Que ce soit à Montréal, à Québec ou en région, il y a peu de restaurants ouverts en soirée en début de semaine. Tellement qu’à certains endroits, dans un souci de ne pas laisser le touriste ou le camionneur sur sa faim, des communautés ont pris des initiatives.
« Je sais qu’à La Malbaie et à Mont-Tremblant, les exploitants se sont donné un calendrier pour assurer un service de restauration en permanence et ne pas tout fermer en même temps », raconte M. Vézina.
Recrutement difficile
Avec un taux de chômage à 2,4 % à Québec en janvier dernier, près d’un creux historique, il est très difficile de refaire les équipes dans la restauration, un secteur qui a perdu de nombreux employés en raison des fermetures successives durant la pandémie.
« On fait du recrutement à l’étranger et au fur et à mesure qu’on a de nouveaux employés pour nous épauler, on évalue les plages horaires qu’on peut rouvrir. Notre objectif est qu’avant l’été, on puisse revenir à la normale », dit Pierre Moreau, PDG du Groupe Restos Plaisirs, en soulignant que la fin des restrictions sanitaires liées à la pandémie ne date que d’un an.

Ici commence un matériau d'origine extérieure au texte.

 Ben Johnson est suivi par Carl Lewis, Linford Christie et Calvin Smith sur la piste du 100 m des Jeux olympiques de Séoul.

En gastronomie ou en restauration rapide, il y a des postes vacants partout. Les salaires moyens ont grimpé de 21 % depuis trois ans, mais l’ARQ croit qu’il faut maintenant obliger la redistribution des pourboires pour rendre plus attrayantes les conditions de travail des employés en cuisine.
La pandémie a entraîné la fermeture de 3250 restaurants au Québec, soit une baisse de 15 % de l’offre.
Les Québécois peu enclins à restreindre les heures d’ouverture
Préoccupé par la difficulté des commerçants à couvrir toutes les heures d’ouverture d’une semaine, le Conseil québécois du commerce de détail (CQCD) a sondé la population sur d’éventuelles restrictions.
Le sondage mené au début du mois de février par ORAMA Marketing révèle que les Québécois ne sont pas chauds à l’idée d’accorder une journée de congé aux détaillants. Seulement quatre consommateurs sur dix se disent en faveur d’une fermeture des magasins le dimanche. L’idée d’un congé les lundis est encore moins populaire, puisque seulement 29 % des répondants l’appuient.
Ces pourcentages excluent les stations-service, car dans ce sous-secteur, le statu quo est souhaité de façon presque unanime par les consommateurs.
Le dimanche tenu pour acquis
L’ouverture des commerces le dimanche a été permise à partir de l’été 1990.
Le dossier avait soulevé plusieurs débats à l’époque et seulement les magasins d’alimentation avaient été autorisés à ouvrir dans un premier temps. Deux ans plus tard, la loi avait été étendue à d’autres commerces et depuis, il semble que les Québécois tiennent à cet acquis.
du sur-mesure réclamé
Le CQCD a aussi sondé les détaillants et ceux-ci souhaitent majoritairement des mesures variables selon le lieu et le type de commerce plutôt que d’en arriver à une journée de fermeture obligatoire.
Pour Damien Silès, directeur général du CQCD, l’enjeu des heures d’ouverture est indéniable et la réflexion nécessaire dans le contexte de pénurie de main-d’œuvre.
« Il nous apparaissait essentiel de prendre le pouls des détaillants et aussi celui des consommateurs, afin d’établir un dialogue et d’en arriver à une meilleure cohérence pour tous », a-t-il indiqué cette semaine par communiqué.
La discussion s’amorce donc, mais entre le besoin de prévisibilité des consommateurs et le désir de solutions librement adaptées selon les lieux et les commerces, l’écart semble grand.